Wie du schon gemerkt hast. In jungen Jahren, wenn man noch keine Verpflichtungen hat, ist das Reisen eine sehr erfahrungsreiche Sache. Man lernt viele Länder und Leute kennen. Heute finde ich es gut, dass ich meist nur in der Nähe was in Betrieb setzen muss und das dank gewissenhafter vorbereitung oft nur wenige Tage in Anspruch nimmt und ich auch gut mal am Abend nach Hause fahren kann.

Nächsten Monat gehts dann wieder für einen 5 Tageseinsatz nach Dubai. den ich dann gleich auf zwei Wochen verlängere um etwas auszuspannen. Da ist dann das Gute. Wenn man so weit weg ist, kommt keiner auf die Idee dass man sich doch mal schnell Zeit nehmen könnte um n Sensor in der Schweiz zu tauschen oder 16:45 Uhr anzurufen ob man noch schnell ne Sitzung machen könnte.

mfG René


----------



## ducati (18 Mai 2021)

vollmi schrieb:


> den ich dann gleich auf zwei Wochen verlängere um etwas auszuspannen.

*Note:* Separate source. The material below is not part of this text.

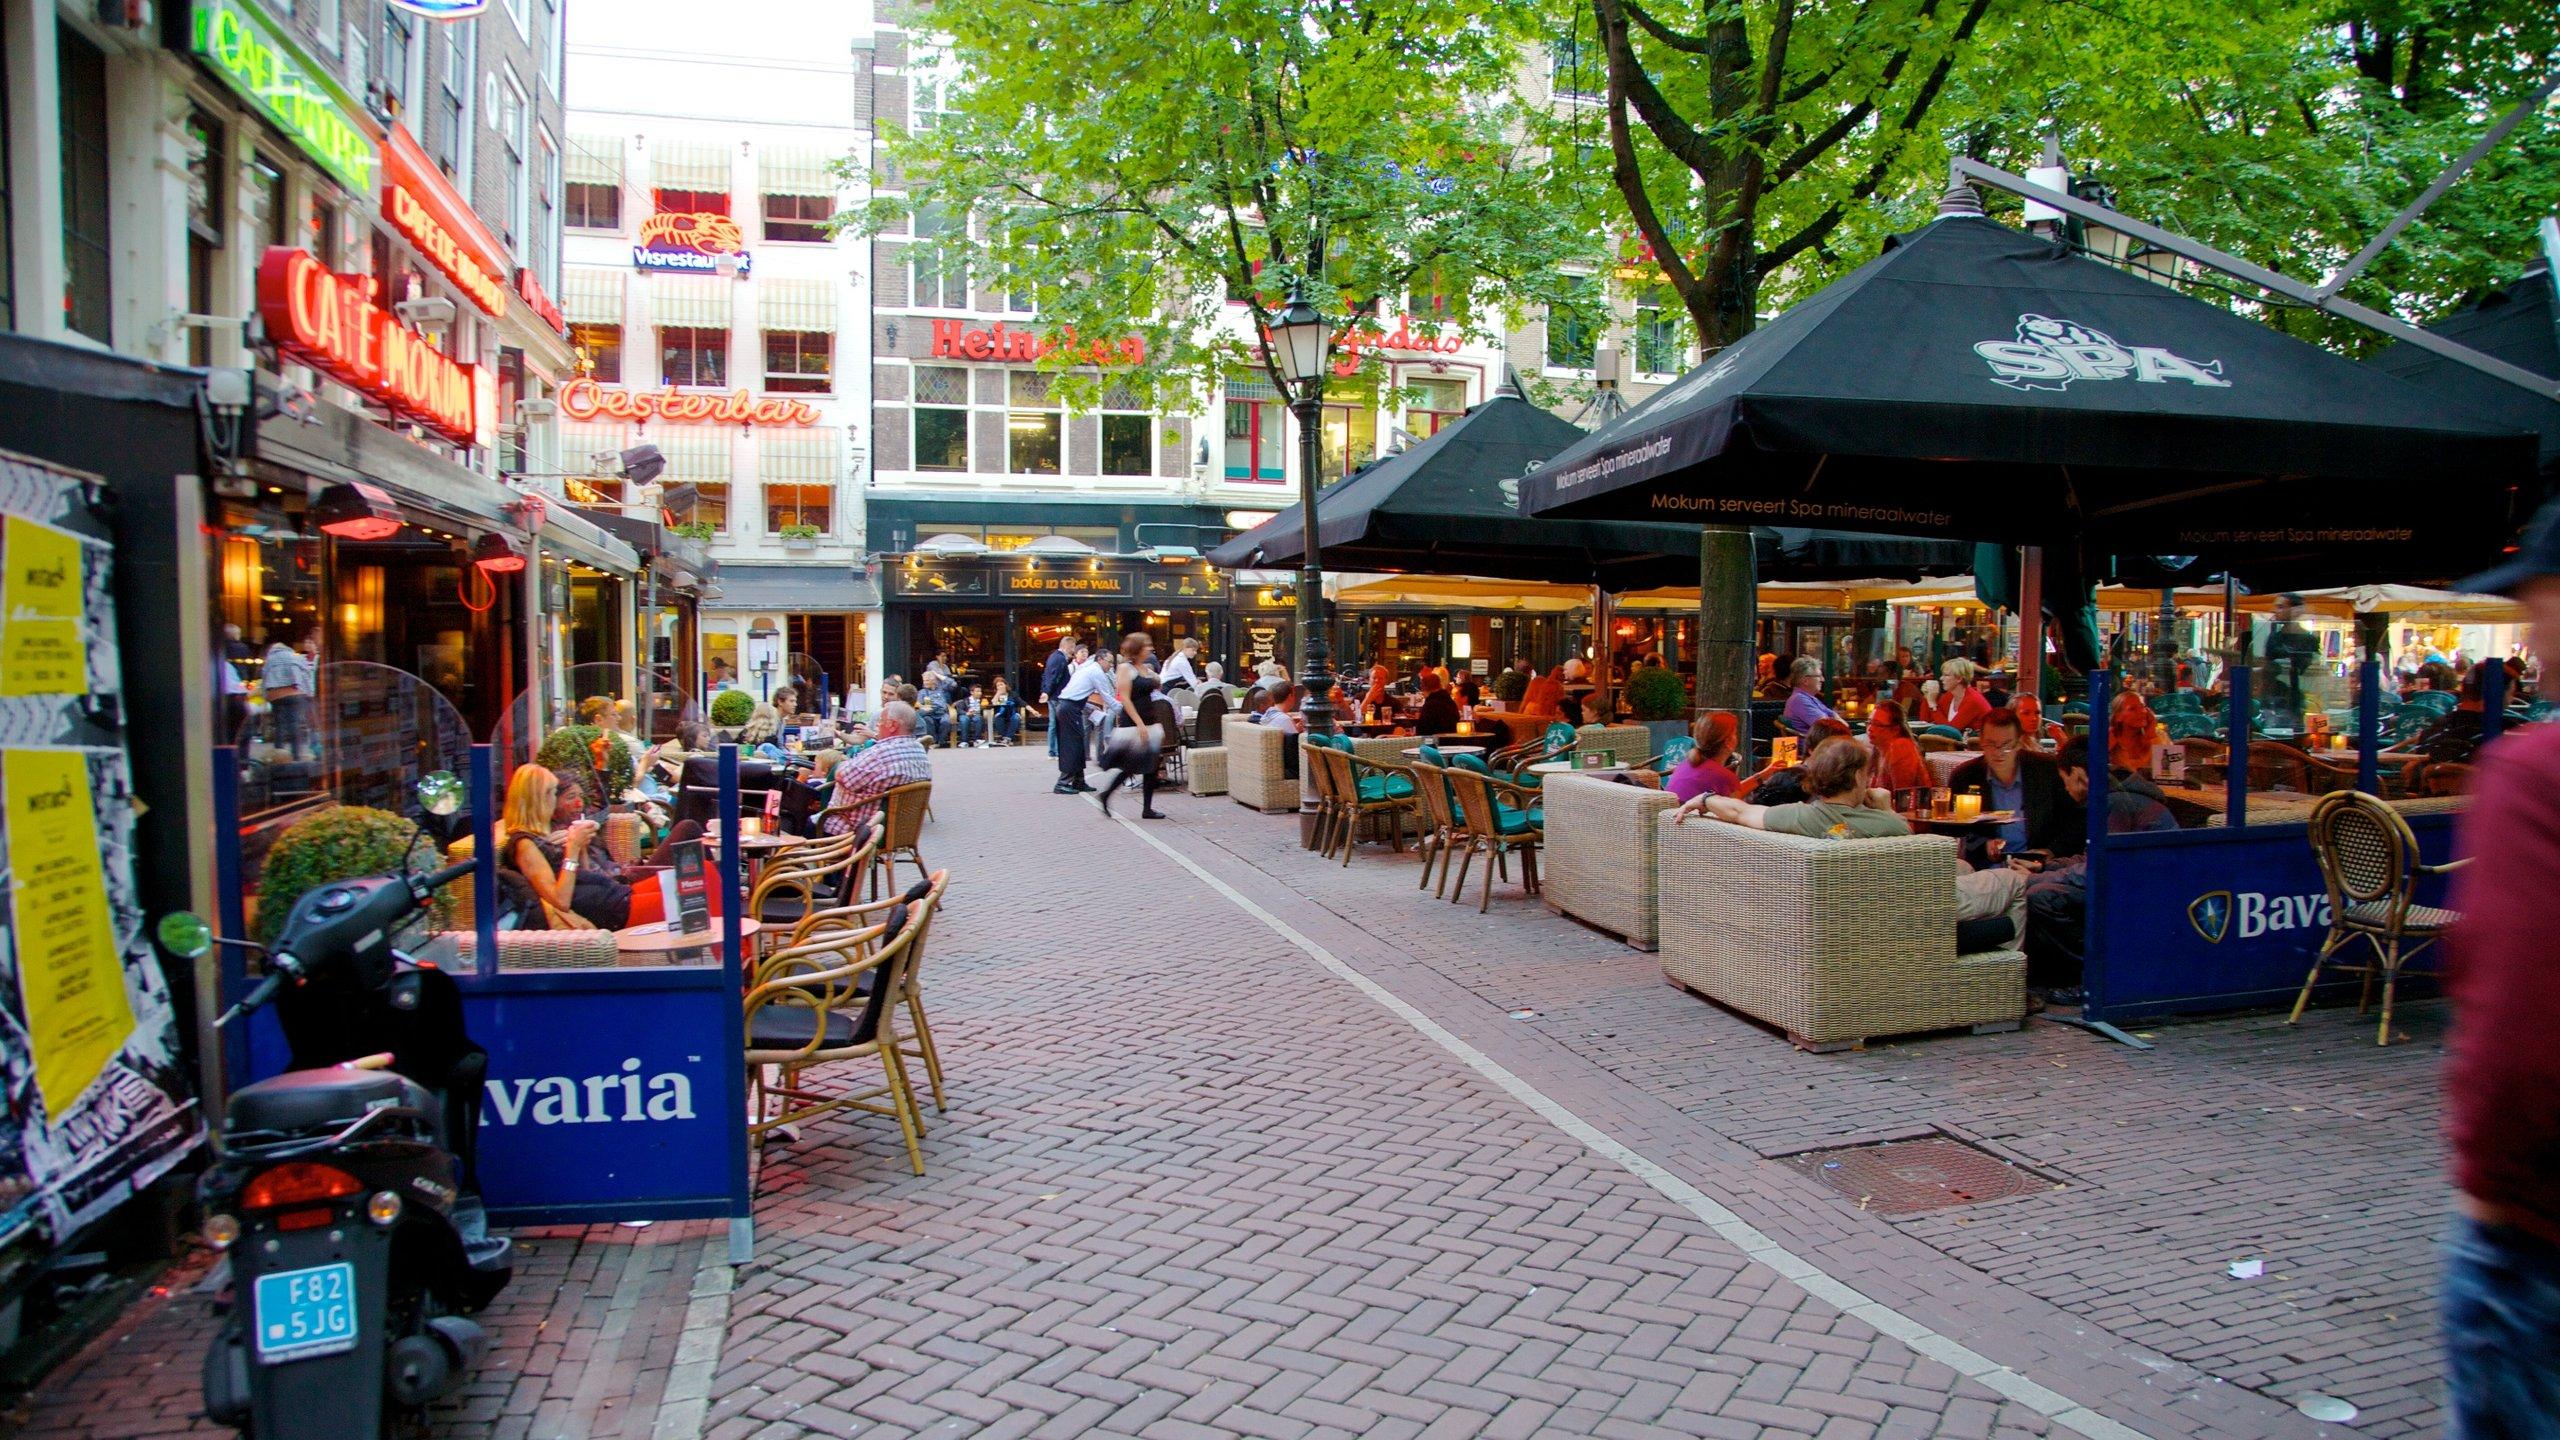 De Weteringschans, Amsterdam, North Holland, Netherlands

Geht noch das in der Schweiz? In Deutschland steht da mitlerweile gleich das Finanzamt auf der Matte...


----------



## DeltaMikeAir (18 Mai 2021)

ducati schrieb:


> Geht noch das in der Schweiz? In Deutschland steht da mitlerweile gleich das Finanzamt auf der Matte...



Haben Kollegen von mir auch schon ohne Probleme gemacht. Wir haben eine komplette Dosenlinie in der Karibik stehen ( für Bohnen ).


----------



## vollmi (18 Mai 2021)

ducati schrieb:


> Geht noch das in der Schweiz? In Deutschland steht da mitlerweile gleich das Finanzamt auf der Matte...



Das hotel muss ich selber zahlen. Dass der Rückflug verschoben wird. Interessiert das Steueramt nicht. 


Gesendet von eyePhone


----------



## ducati (19 Mai 2021)

DeltaMikeAir schrieb:


> Haben Kollegen von mir auch schon ohne Probleme gemacht. Wir haben eine komplette Dosenlinie in der Karibik stehen ( für Bohnen ).





vollmi schrieb:


> Das hotel muss ich selber zahlen. Dass der Rückflug verschoben wird. Interessiert das Steueramt nicht.



In Deutschland muss dann der Flug als Geldwertevorteil versteuert werden.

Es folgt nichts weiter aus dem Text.